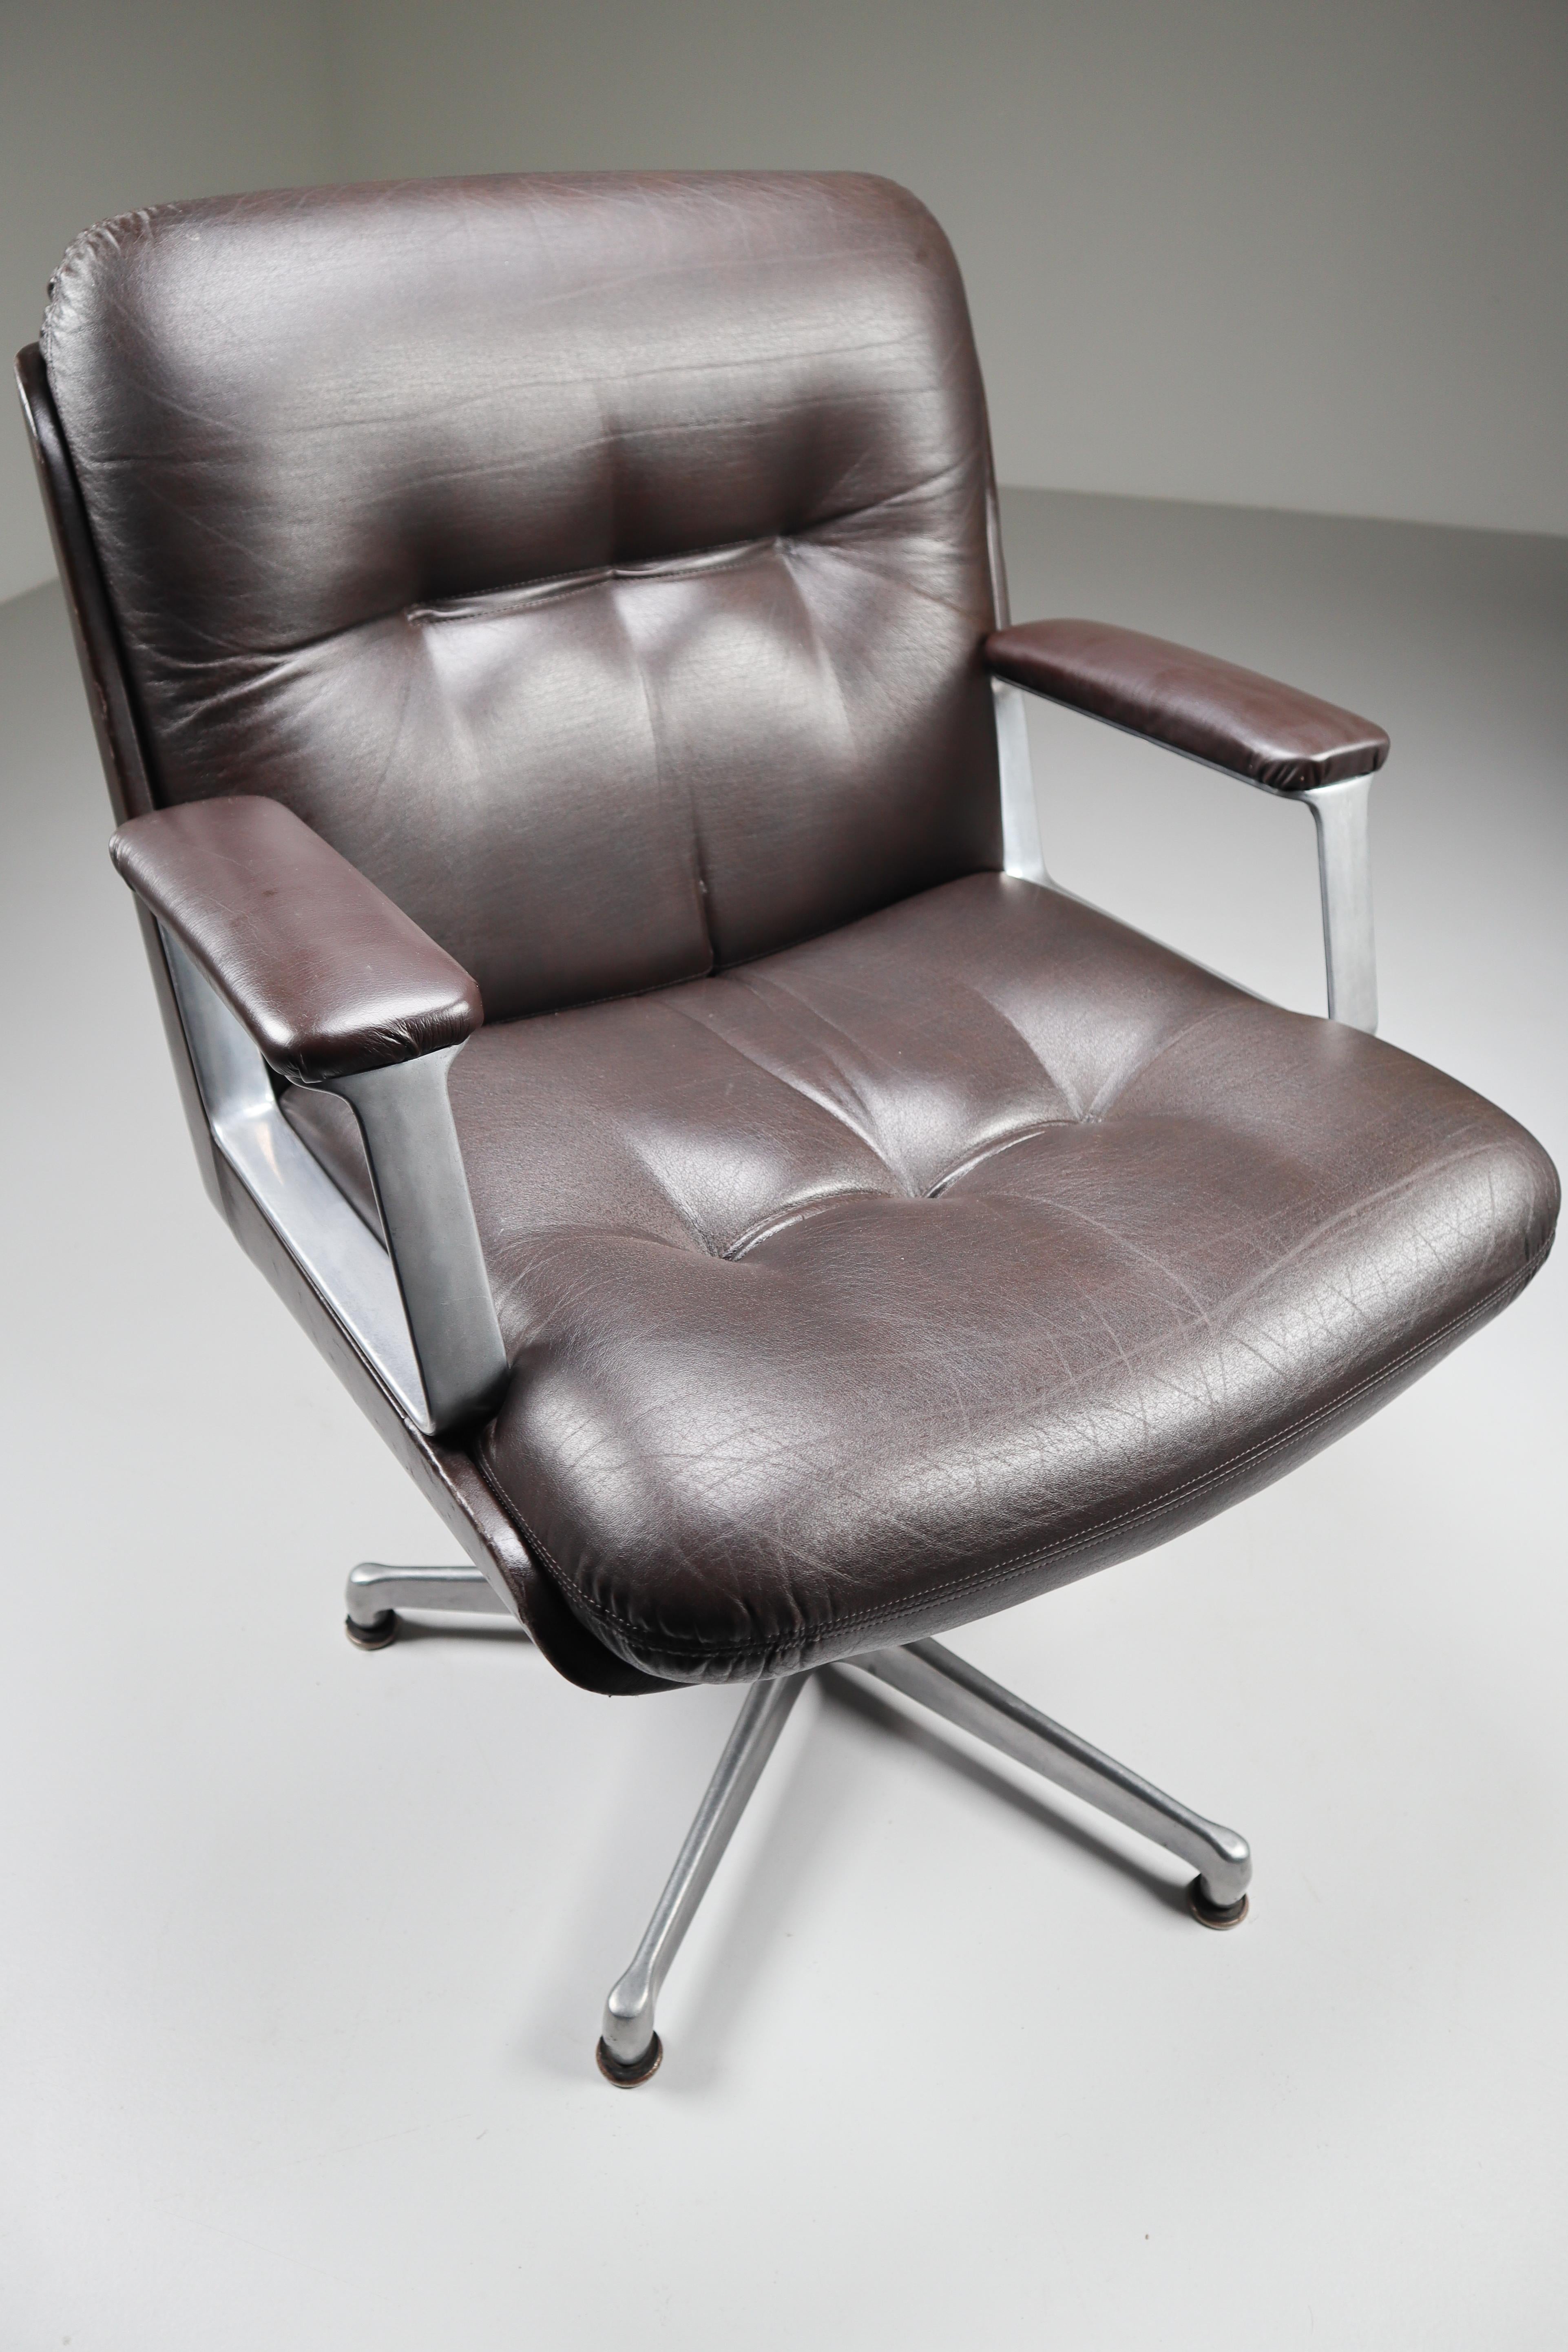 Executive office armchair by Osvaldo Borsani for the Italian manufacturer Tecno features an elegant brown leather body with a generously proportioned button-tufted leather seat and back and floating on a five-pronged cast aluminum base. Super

* * *

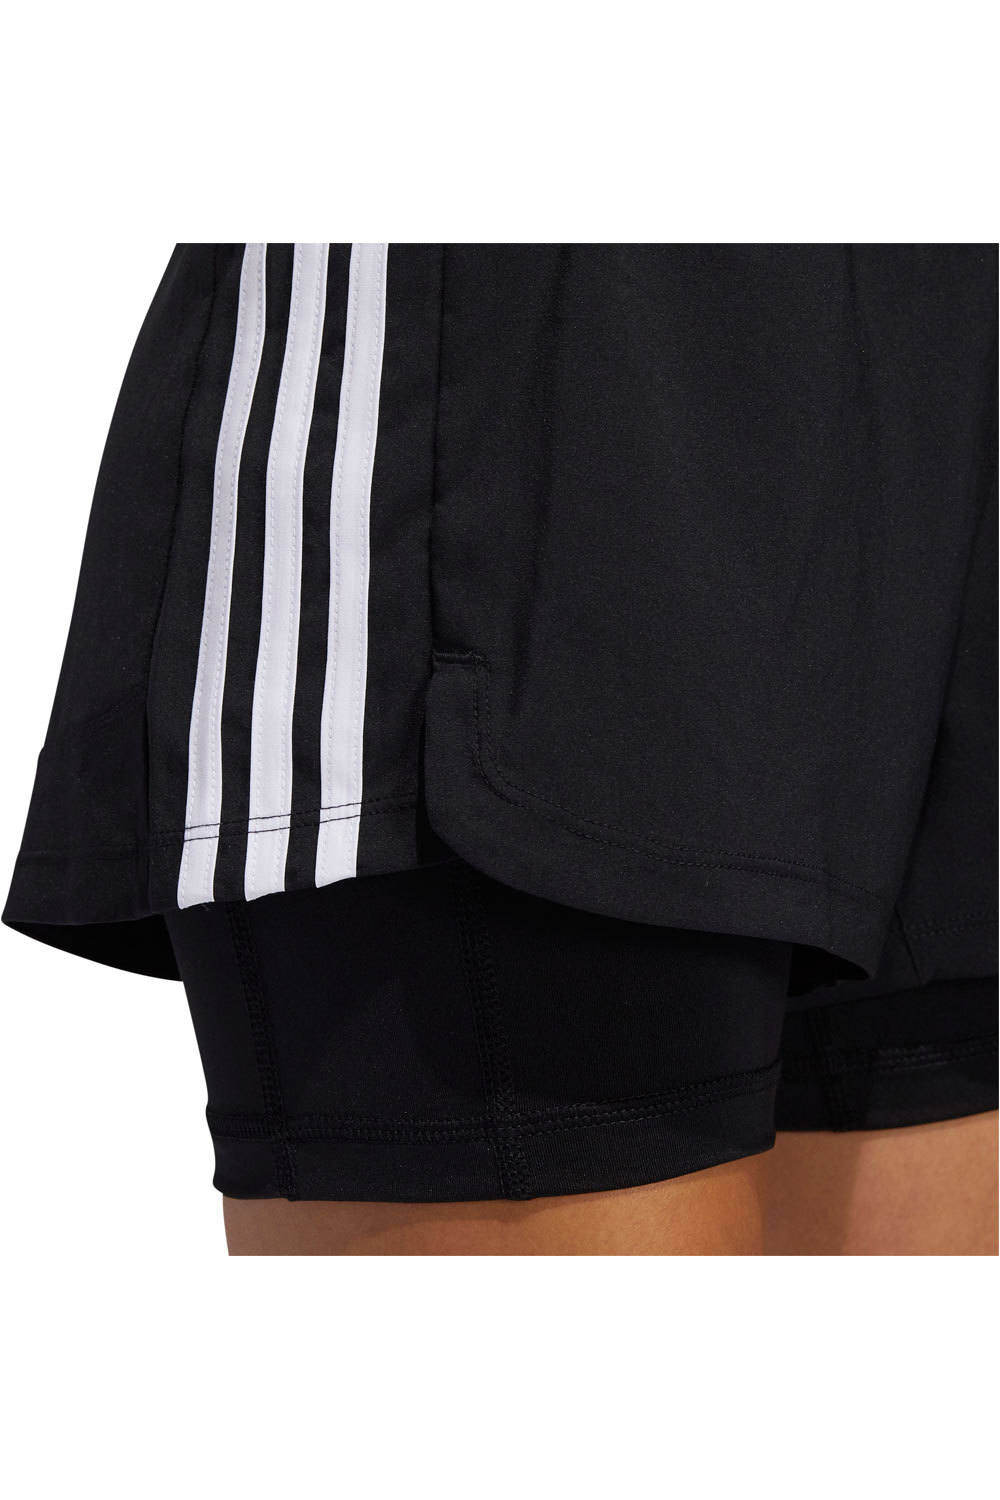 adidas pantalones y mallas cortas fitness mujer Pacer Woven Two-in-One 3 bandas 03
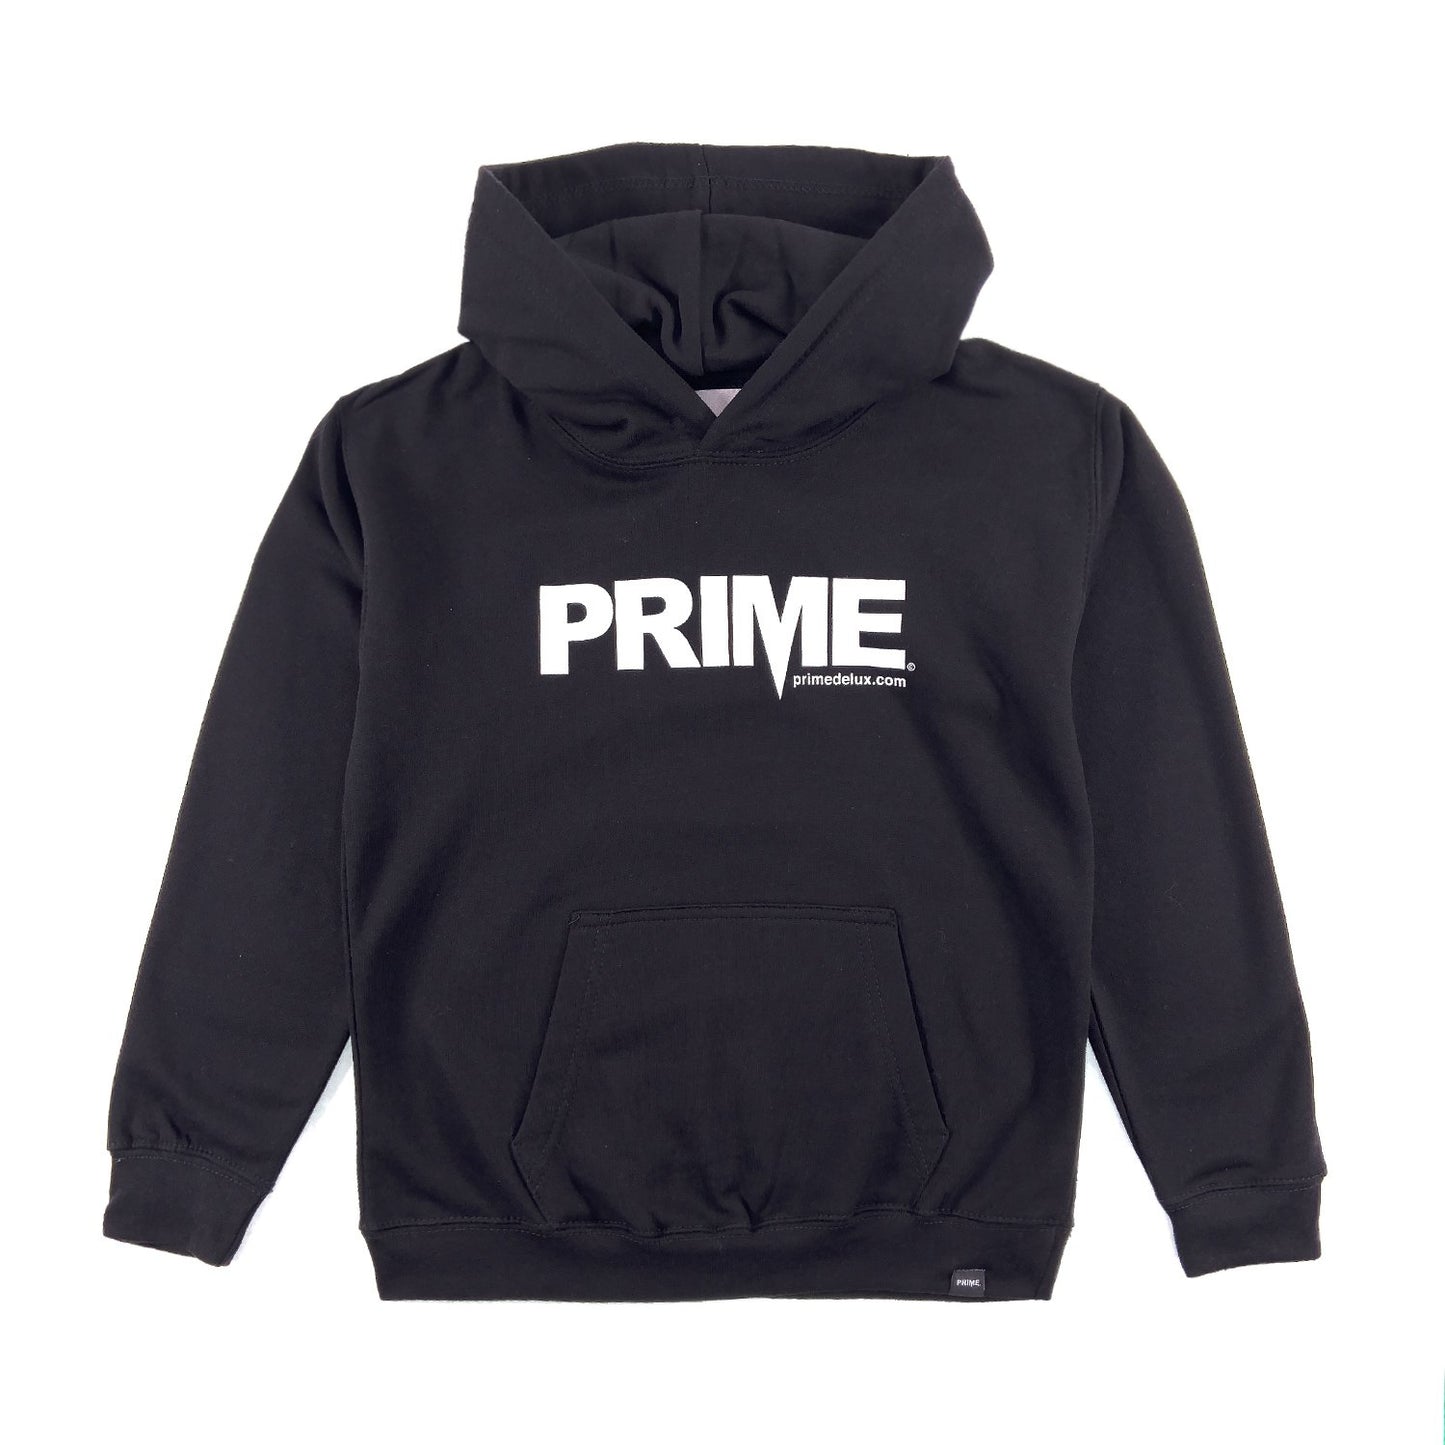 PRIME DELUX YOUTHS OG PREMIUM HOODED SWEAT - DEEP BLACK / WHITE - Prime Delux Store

---

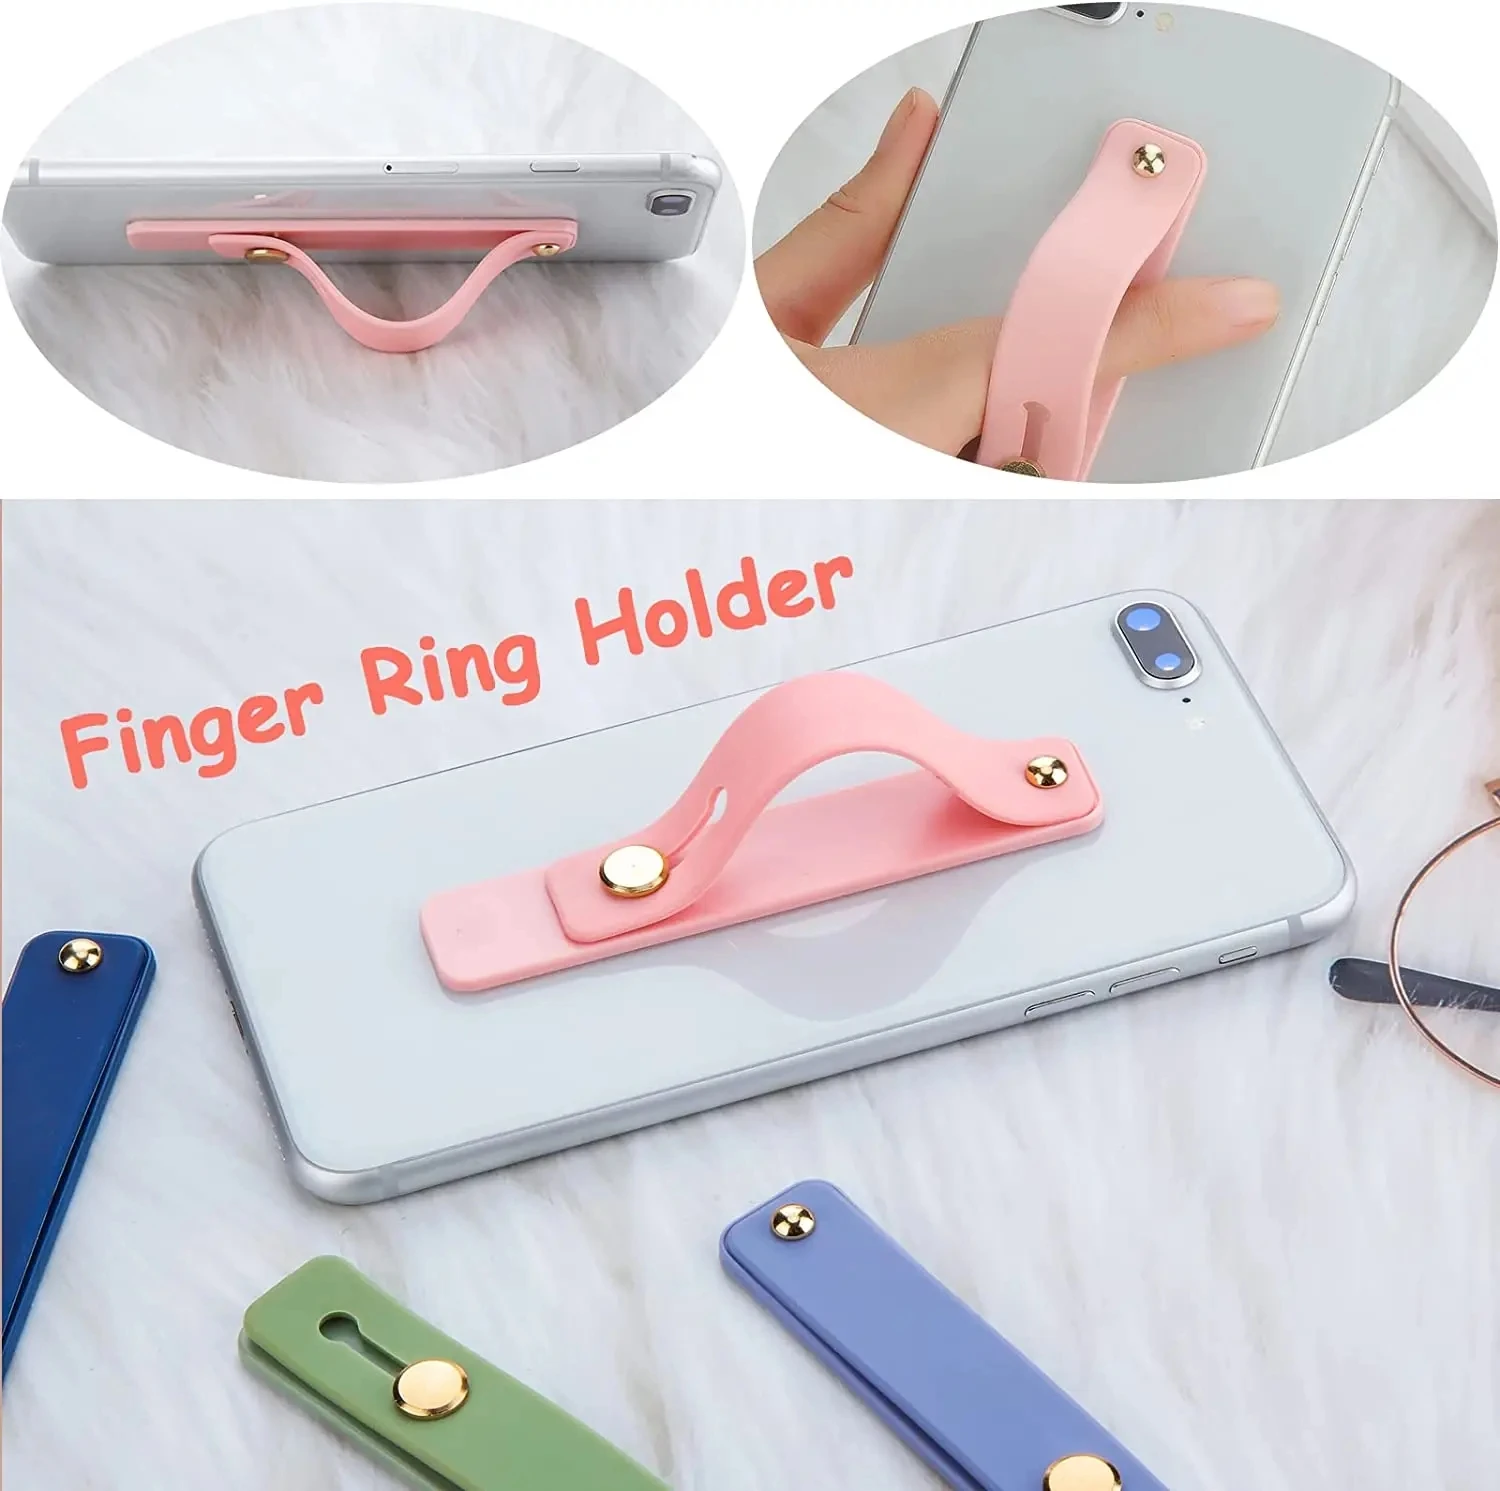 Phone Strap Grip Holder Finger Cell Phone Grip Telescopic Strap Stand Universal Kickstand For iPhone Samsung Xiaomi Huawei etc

**Work to be completed:** The copy should hold only the lines from the one with "adidas pantalones y" through the one with "PRIME DELUX YOUTHS", exactly as they stand above. Leave out the pictures.

**Written solution:**
 adidas pantalones y mallas cortas fitness mujer Pacer Woven Two-in-One 3 bandas 03
 PRIME DELUX YOUTHS OG PREMIUM HOODED SWEAT - DEEP BLACK / WHITE - Prime Delux Store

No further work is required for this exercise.